Tracking the magmatic response to subduction initiation in the forearc mantle wedge: Insights from peridotite geochemistry of the Guleman and Kızıldağ ophiolites, Southeastern Turkey

Abstract

The initiation of subduction is associated with sequential magmatic responses that lead to the formation of the forearc lithosphere, yet the detailed characteristics of these magmatic activities are not well constrained. Here we use mineral chemistries and bulk-rock trace-element contents of highly-depleted harzburgites from the Guleman and Kızıldağ ophiolites in Southeast Turkey to examine mantle wedge melting dynamics during subduction initiation. We focus on how different components from the subducting slabs potentially contribute to various stages of magmatism throughout the process.
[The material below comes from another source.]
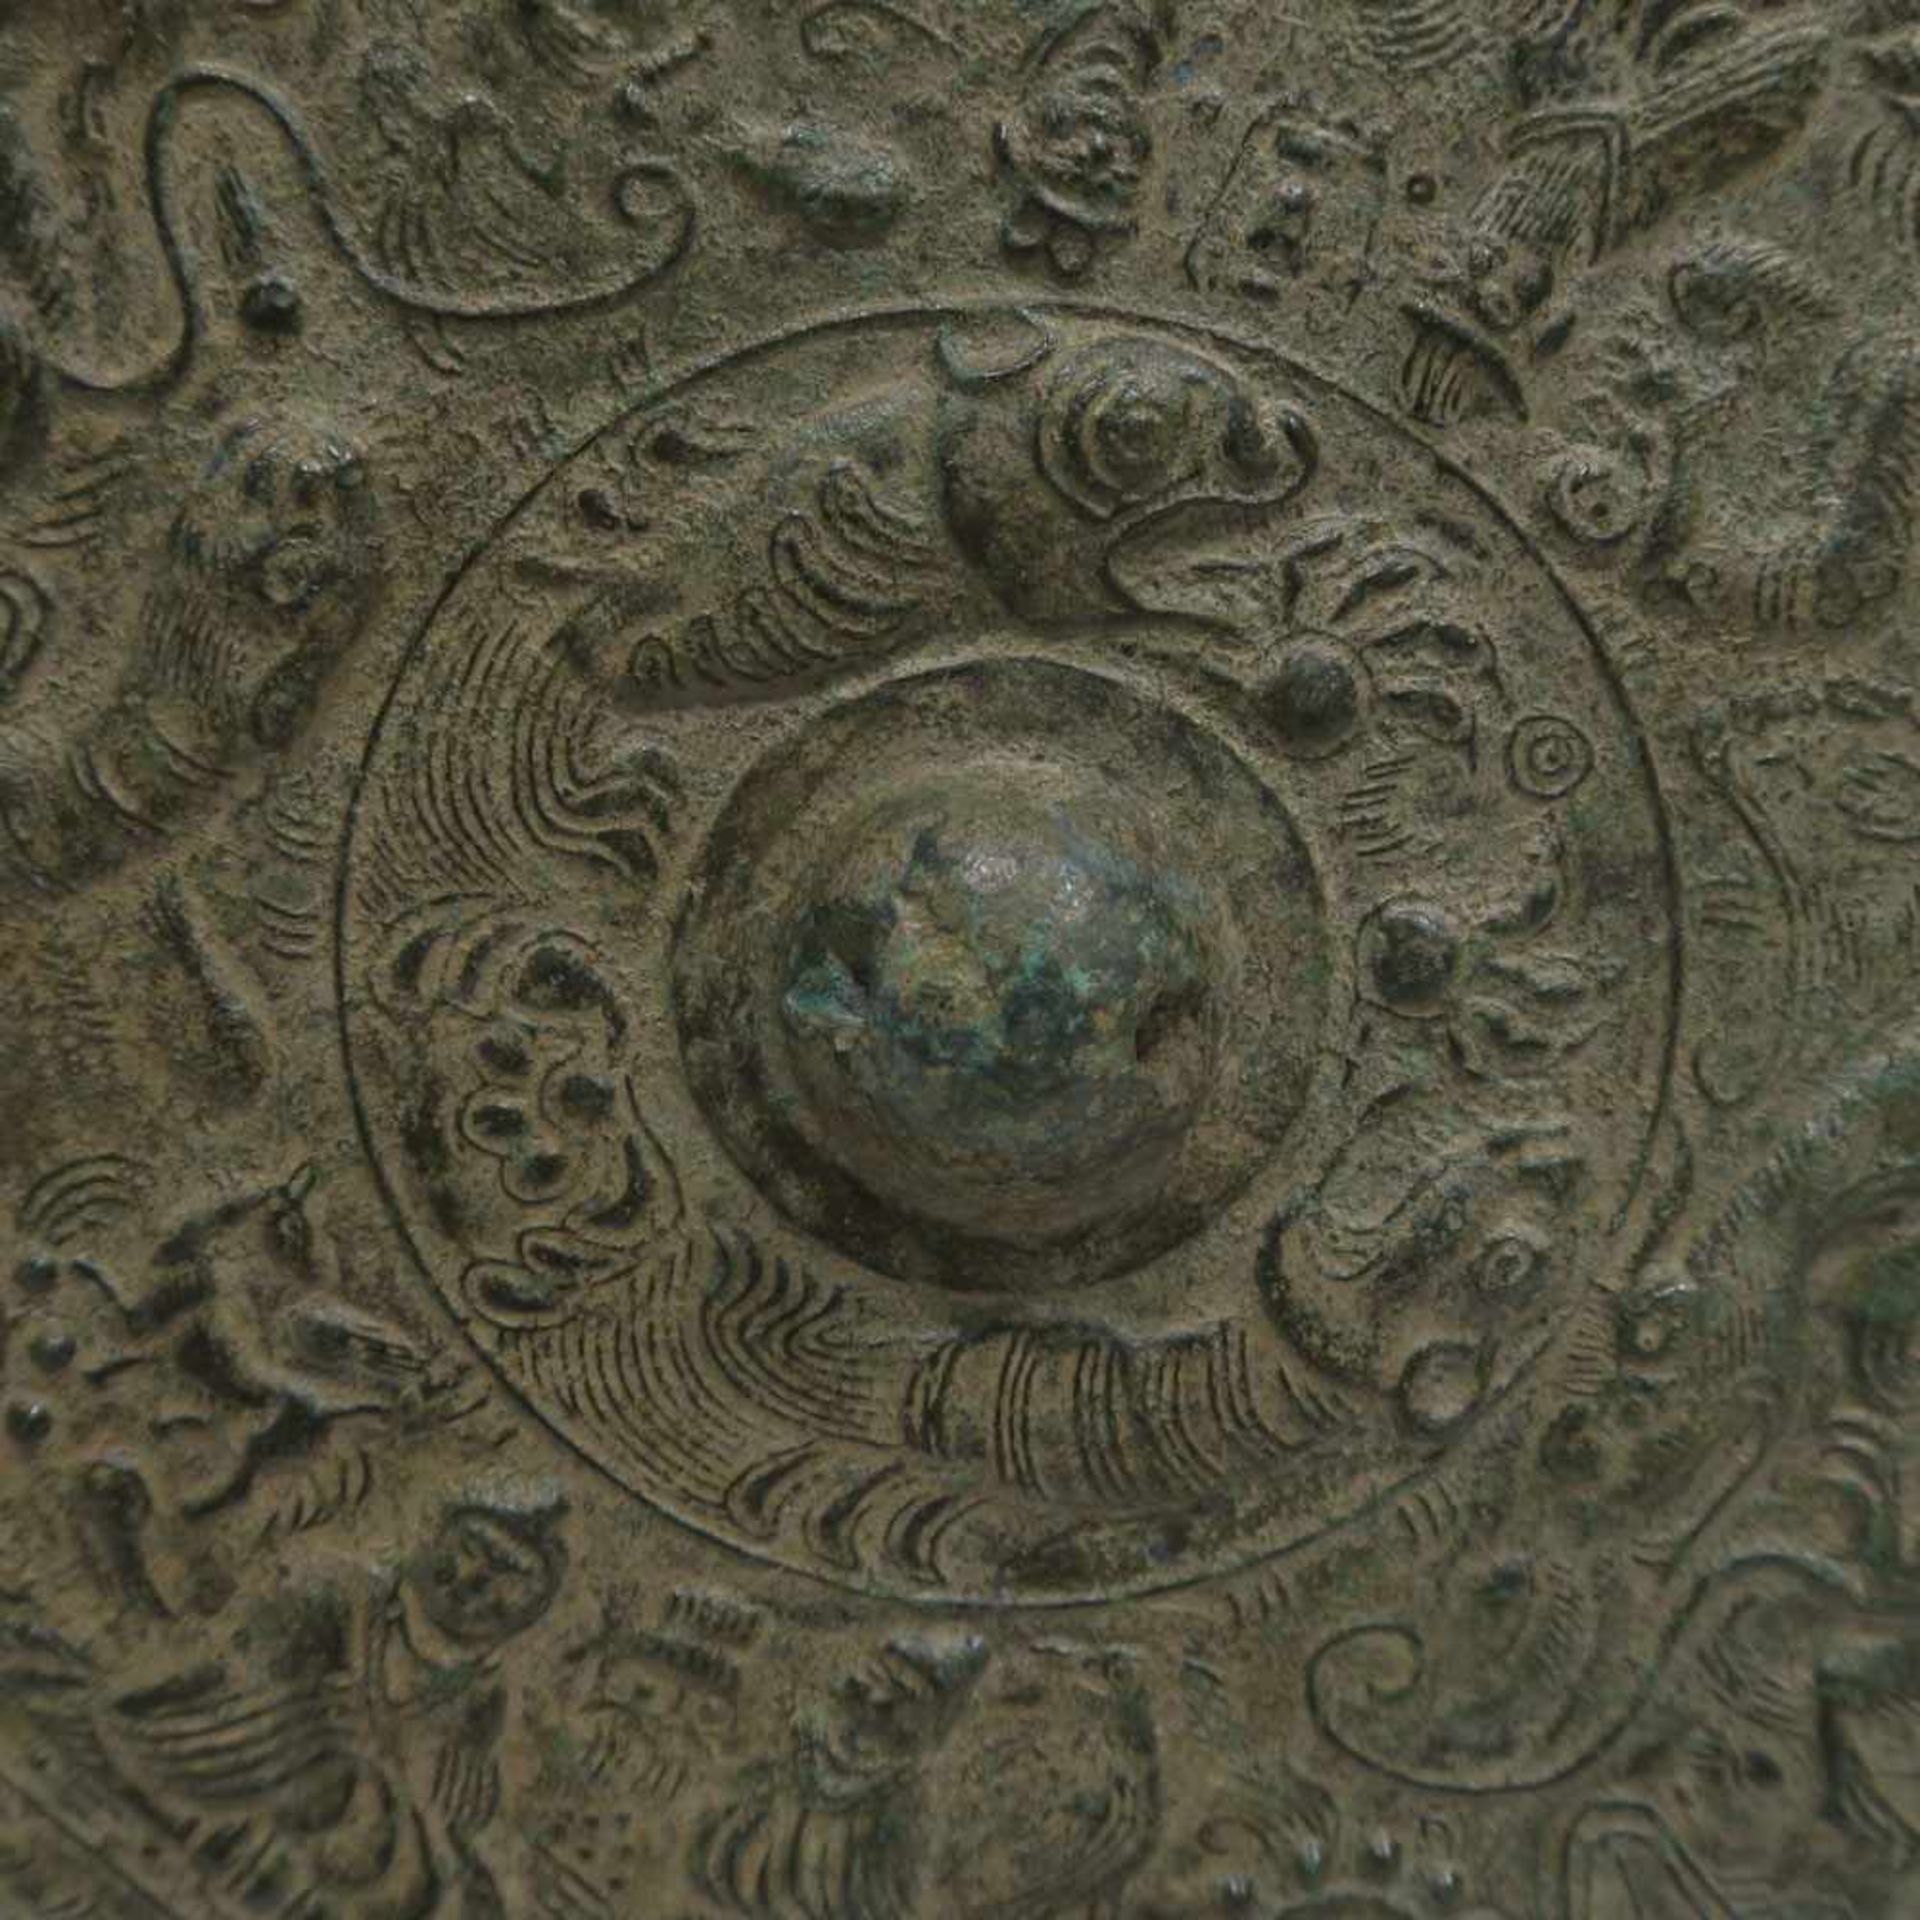 BronzespiegelChina. Bronze, grünlich patiniert. Reliefdekor mit Figuren, Tigern u.a. Ø 22,5 cm. - Bild 3 aus 8

Mineral and bulk-rock compositions of these harzburgites are significantly different from those of abyssal peridotites, suggesting that our harzburgites cannot be explained as residues of anhydrous adiabatic melting and melt-rock interaction at mid-ocean ridges alone. This implies that the petrogenesis of SE Turkey harzburgites involves additional processes and components. Harzburgites with the most depleted heavy-rare earth element (HREE) contents are the ones with the highest abundance of strongly incompatible elements, which can be explained by open-system processes where the peridotites in the mantle wedge experienced melting and infiltration of enriched components simultaneously. Open-system dynamic melting models with continuous flux of sediment-derived melts can account for the observed correlation, but are numerically too low compared to the measured values. Based on the observed fractionation between Zr, Hf, and elements with similar incompatibility (middle REEs), we hypothesized the involvement of amphibolite-derived melt and modeled its numerical trace-element contents. Binary mixing between this hypothetical melt and residues of the former open-system model can coherently account for the majority of the obtained trace-element data. This indicates that magmatic events during subduction initiation likely involve multiple components and occur in multiple stages, and that melt-mantle interaction plays a significant role in oceanic forearc lithosphere formation. Based on our model, we suggest the high (Zr/MREE)N signatures in some boninites and depleted harzburgites found in modern forearcs and ophiolites could be inherited from amphibolite-derived melts. Moreover, the existence of slab melts agrees with current constraints on the reconstructed geothermal gradients during subduction initiation based on the petrology and geochemistry of metamorphic soles.